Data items
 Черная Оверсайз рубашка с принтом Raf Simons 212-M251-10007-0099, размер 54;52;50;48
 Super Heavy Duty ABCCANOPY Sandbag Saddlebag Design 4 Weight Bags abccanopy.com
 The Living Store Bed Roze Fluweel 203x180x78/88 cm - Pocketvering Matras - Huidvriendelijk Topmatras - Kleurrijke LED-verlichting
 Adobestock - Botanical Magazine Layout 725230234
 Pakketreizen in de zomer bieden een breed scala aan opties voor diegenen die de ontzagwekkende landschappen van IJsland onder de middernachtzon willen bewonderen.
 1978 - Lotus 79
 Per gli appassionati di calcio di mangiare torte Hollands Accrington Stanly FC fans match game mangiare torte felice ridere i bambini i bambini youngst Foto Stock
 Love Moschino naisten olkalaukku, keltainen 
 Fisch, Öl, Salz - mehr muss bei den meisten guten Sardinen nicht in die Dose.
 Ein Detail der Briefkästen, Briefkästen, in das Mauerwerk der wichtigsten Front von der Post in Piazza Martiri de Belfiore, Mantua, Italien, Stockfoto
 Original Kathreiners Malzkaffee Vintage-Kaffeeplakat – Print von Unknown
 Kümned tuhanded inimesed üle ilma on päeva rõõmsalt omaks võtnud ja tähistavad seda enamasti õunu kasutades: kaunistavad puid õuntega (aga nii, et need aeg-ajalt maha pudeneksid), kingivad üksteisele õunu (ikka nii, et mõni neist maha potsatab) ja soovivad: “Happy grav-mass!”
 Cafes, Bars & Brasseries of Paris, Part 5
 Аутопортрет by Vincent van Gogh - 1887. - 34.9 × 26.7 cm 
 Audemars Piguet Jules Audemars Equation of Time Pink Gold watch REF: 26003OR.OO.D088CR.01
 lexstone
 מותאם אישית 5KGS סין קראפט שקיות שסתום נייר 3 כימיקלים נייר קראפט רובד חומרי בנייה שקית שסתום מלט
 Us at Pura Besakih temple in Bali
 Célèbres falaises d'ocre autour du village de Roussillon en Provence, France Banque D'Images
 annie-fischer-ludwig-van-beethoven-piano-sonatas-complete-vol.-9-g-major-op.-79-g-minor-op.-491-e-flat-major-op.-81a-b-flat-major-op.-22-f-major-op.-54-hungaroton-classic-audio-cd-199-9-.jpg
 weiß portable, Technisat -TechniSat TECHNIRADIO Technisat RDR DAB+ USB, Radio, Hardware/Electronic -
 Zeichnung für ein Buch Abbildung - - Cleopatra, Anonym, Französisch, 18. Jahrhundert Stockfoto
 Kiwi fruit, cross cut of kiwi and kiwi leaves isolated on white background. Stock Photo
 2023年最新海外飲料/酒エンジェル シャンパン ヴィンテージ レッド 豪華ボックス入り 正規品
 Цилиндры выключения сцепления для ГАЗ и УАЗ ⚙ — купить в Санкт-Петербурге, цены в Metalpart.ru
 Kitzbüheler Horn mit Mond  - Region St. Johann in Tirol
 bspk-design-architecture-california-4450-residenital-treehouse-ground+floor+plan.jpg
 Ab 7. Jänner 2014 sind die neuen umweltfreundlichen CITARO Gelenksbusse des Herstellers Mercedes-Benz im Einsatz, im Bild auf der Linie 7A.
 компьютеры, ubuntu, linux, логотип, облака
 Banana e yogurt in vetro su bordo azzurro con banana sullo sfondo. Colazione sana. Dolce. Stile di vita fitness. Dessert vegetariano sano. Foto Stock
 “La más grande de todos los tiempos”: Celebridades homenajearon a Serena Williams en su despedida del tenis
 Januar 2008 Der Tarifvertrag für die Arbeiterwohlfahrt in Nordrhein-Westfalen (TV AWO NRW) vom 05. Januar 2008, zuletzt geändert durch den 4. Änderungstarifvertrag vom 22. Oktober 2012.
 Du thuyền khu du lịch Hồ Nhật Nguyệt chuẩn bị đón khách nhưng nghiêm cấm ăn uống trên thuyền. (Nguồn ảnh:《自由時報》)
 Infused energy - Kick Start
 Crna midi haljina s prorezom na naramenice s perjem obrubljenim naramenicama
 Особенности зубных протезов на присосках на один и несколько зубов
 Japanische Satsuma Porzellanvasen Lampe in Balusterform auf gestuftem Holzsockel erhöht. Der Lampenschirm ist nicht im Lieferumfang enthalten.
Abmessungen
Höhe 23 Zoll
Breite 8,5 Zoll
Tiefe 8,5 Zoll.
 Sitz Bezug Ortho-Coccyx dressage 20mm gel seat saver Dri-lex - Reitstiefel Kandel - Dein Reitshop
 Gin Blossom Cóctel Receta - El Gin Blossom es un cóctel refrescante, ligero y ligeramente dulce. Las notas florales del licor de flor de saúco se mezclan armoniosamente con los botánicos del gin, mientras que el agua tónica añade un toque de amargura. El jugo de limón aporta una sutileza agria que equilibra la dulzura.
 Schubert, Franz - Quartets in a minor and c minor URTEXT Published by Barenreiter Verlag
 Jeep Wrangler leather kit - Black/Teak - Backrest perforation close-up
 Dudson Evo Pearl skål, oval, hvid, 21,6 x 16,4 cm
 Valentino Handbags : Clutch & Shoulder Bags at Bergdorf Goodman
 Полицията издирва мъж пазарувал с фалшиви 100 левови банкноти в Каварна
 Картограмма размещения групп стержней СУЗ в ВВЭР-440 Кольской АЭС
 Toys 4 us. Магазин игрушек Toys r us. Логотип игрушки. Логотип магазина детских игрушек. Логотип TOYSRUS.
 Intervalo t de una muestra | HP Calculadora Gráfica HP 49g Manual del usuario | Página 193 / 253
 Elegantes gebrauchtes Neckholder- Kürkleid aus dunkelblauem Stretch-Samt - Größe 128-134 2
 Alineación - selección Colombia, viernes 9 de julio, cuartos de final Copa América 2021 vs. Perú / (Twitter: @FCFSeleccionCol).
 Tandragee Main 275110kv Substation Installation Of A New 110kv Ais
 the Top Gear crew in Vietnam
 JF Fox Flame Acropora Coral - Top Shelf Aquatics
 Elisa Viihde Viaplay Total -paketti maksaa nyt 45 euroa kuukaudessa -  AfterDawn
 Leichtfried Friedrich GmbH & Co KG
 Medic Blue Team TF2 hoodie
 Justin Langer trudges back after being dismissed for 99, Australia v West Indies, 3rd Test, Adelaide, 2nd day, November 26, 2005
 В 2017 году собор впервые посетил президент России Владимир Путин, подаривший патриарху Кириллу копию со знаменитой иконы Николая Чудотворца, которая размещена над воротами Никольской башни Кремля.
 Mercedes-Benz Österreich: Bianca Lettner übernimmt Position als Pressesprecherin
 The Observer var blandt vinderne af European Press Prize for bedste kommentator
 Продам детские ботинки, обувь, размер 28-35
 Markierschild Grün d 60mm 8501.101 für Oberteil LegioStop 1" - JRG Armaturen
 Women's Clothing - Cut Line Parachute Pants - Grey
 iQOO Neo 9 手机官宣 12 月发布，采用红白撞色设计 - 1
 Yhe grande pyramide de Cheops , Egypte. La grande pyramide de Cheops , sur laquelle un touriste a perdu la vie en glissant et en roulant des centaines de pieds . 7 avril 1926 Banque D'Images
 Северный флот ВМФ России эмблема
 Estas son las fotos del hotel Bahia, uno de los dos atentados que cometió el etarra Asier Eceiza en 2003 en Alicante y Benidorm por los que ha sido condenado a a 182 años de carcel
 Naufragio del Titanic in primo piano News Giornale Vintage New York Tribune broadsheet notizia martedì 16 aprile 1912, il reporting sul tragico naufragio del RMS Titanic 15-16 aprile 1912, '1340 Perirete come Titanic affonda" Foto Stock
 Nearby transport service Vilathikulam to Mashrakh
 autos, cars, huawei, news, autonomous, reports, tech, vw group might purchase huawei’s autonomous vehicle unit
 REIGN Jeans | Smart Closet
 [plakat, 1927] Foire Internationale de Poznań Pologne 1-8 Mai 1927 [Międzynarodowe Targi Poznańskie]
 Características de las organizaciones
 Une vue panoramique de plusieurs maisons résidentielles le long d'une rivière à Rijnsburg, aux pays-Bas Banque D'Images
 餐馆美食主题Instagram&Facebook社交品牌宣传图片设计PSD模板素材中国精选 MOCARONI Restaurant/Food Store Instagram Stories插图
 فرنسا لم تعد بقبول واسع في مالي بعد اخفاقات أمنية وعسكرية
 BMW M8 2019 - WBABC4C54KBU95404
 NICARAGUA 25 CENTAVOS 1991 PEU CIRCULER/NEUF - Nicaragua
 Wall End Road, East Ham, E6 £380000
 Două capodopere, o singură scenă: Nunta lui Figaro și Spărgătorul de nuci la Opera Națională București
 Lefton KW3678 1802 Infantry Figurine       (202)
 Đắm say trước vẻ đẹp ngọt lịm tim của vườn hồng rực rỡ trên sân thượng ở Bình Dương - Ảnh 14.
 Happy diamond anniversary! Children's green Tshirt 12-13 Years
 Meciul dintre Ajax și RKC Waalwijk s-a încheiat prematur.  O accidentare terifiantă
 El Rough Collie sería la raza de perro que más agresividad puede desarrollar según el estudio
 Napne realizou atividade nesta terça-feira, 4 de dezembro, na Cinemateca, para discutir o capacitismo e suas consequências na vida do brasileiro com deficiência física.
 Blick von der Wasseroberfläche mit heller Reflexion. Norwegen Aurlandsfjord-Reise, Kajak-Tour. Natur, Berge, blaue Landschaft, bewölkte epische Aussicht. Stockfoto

What the task asks: Transcribe the lines above between the line holding "Original Kathreiners Malzkaffee" and the line holding "Kiwi fruit, cross", inclusive, exactly as they stand and with nothing added.

Answer to this exercise:
 Original Kathreiners Malzkaffee Vintage-Kaffeeplakat – Print von Unknown
 Kümned tuhanded inimesed üle ilma on päeva rõõmsalt omaks võtnud ja tähistavad seda enamasti õunu kasutades: kaunistavad puid õuntega (aga nii, et need aeg-ajalt maha pudeneksid), kingivad üksteisele õunu (ikka nii, et mõni neist maha potsatab) ja soovivad: “Happy grav-mass!”
 Cafes, Bars & Brasseries of Paris, Part 5
 Аутопортрет by Vincent van Gogh - 1887. - 34.9 × 26.7 cm 
 Audemars Piguet Jules Audemars Equation of Time Pink Gold watch REF: 26003OR.OO.D088CR.01
 lexstone
 מותאם אישית 5KGS סין קראפט שקיות שסתום נייר 3 כימיקלים נייר קראפט רובד חומרי בנייה שקית שסתום מלט
 Us at Pura Besakih temple in Bali
 Célèbres falaises d'ocre autour du village de Roussillon en Provence, France Banque D'Images
 annie-fischer-ludwig-van-beethoven-piano-sonatas-complete-vol.-9-g-major-op.-79-g-minor-op.-491-e-flat-major-op.-81a-b-flat-major-op.-22-f-major-op.-54-hungaroton-classic-audio-cd-199-9-.jpg
 weiß portable, Technisat -TechniSat TECHNIRADIO Technisat RDR DAB+ USB, Radio, Hardware/Electronic -
 Zeichnung für ein Buch Abbildung - - Cleopatra, Anonym, Französisch, 18. Jahrhundert Stockfoto
 Kiwi fruit, cross cut of kiwi and kiwi leaves isolated on white background. Stock Photo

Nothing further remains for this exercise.